Northwood University

The Northwood University Study Abroad Blog

 

War Remnants Museum

For Americans, the name Vietnam invariably conjures up images of one of the most horrific chapters in the history of the U.S. military. We have heard the stories of the vets who returned with post-traumatic stress disorder, without the use of limbs, and oftentimes, in bodybags. The least patriotic among Americans would hope our side is always aligned with the side of morality. In visiting the War Memorial Museum in Ho Chi Minh City, this harsh fact was presented: the line between right and wrong isn’t always clear. War is tragic, and has been since man first learned he could serve his interests through force.
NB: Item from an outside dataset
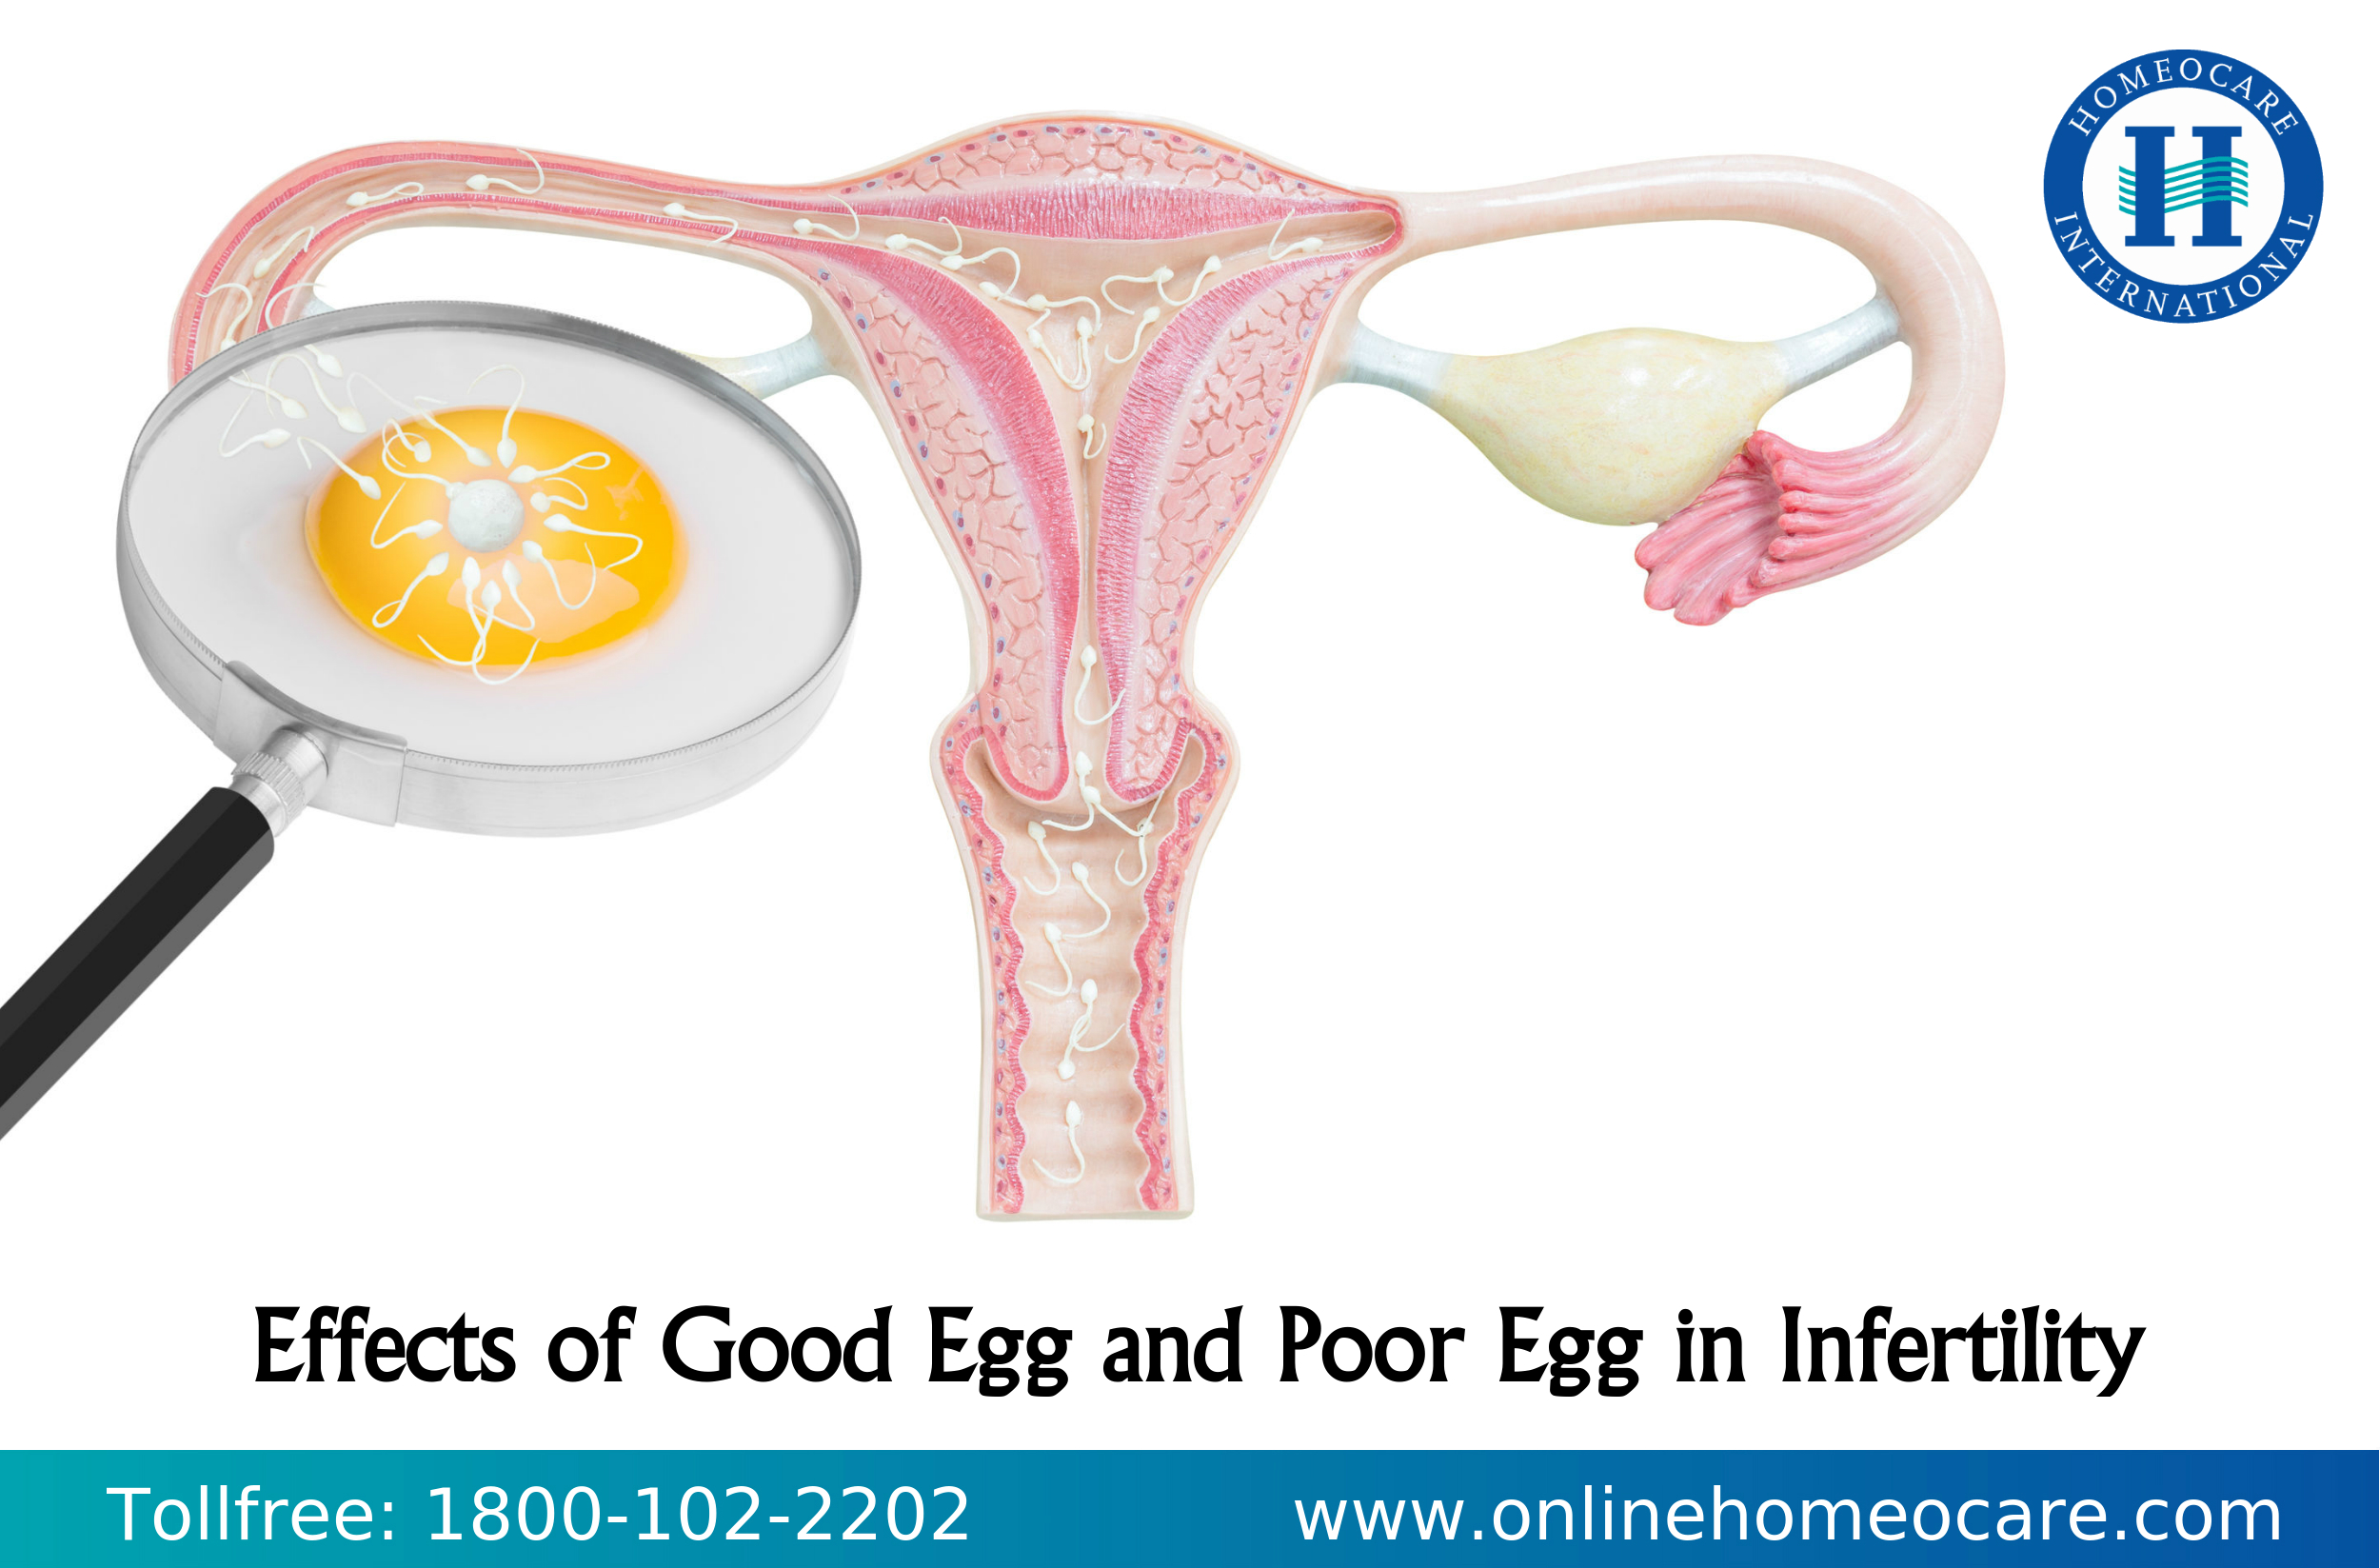 Poor egg in infertility

This was never more clear to me than when I saw the displays of photographs and re-creations depicting treatment of prisoners during the war. On both sides, there were rules broken, both in violation of any moral code, as well as international law. We were able to witness the collateral damage caused by the American military’s use of Agent Orange. I couldn’t help but wonder if any of the locals I had seen walking the streets with a missing limb or noticeable physical impairment were veterans of the side I hadn’t heard about as much. We find ourselves today in a blossoming trade partnership with the Vietnamese people, yet haunted by a mutual history that we cannot soon forget, and nor should we. Relationships can recover, between people and entire regions. The key to prevention of the same tragedies are places like the War Memorial Museum. To know the past and whether or not the methods once used were successful is to know which ways can work in the future, and to know how to make this world better and better by never being fully satisfied with the status quo. To never stop improving.